_STORED DATA_.
==*==
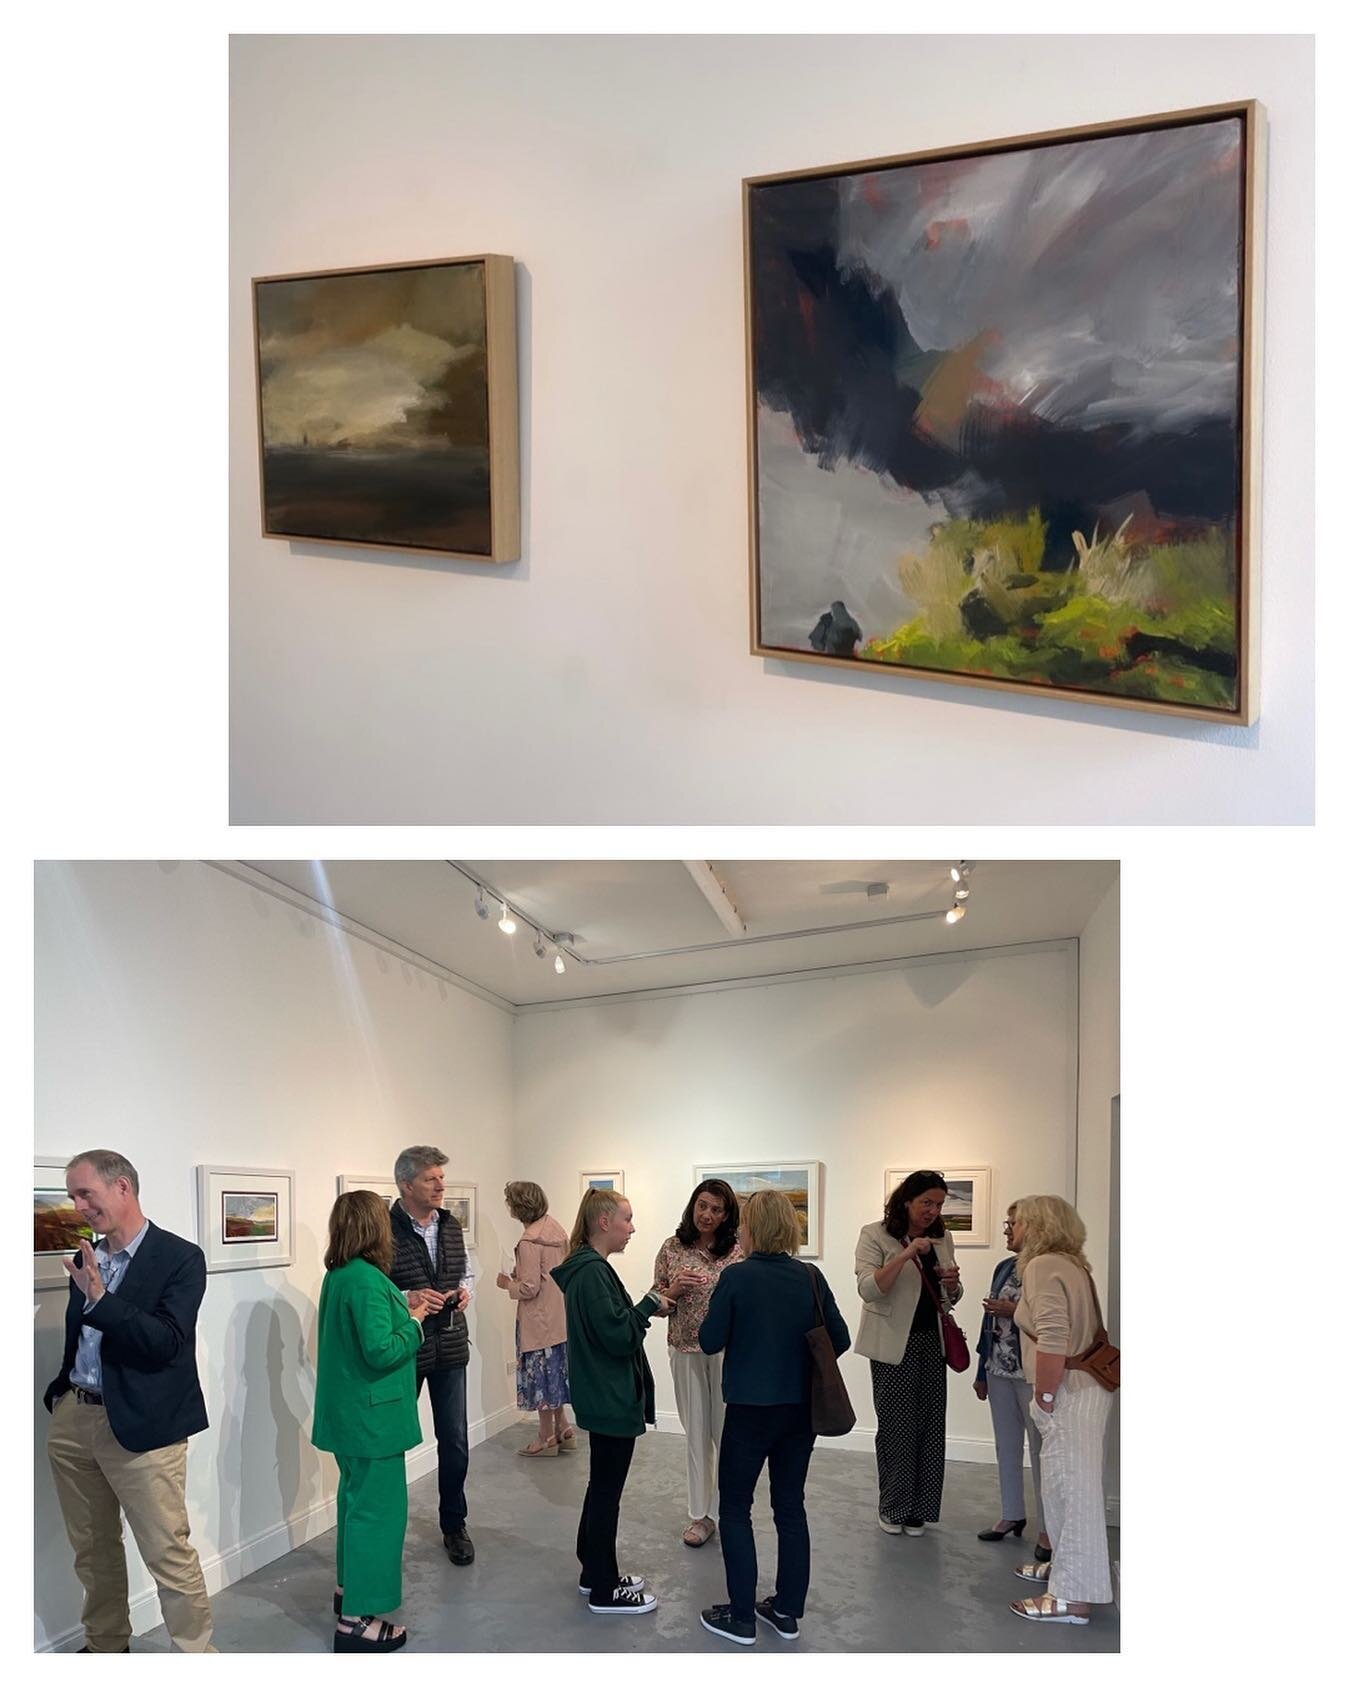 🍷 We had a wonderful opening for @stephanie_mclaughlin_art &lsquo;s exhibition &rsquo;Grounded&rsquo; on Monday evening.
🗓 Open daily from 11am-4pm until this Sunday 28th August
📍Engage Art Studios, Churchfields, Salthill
==*==
_EXERCISE GOAL_. All the lines above are to be given again exactly as they read, with the pictures removed.

_TASK RESULT_.
 🍷 We had a wonderful opening for @stephanie_mclaughlin_art &lsquo;s exhibition &rsquo;Grounded&rsquo; on Monday evening.
🗓 Open daily from 11am-4pm until this Sunday 28th August
📍Engage Art Studios, Churchfields, Salthill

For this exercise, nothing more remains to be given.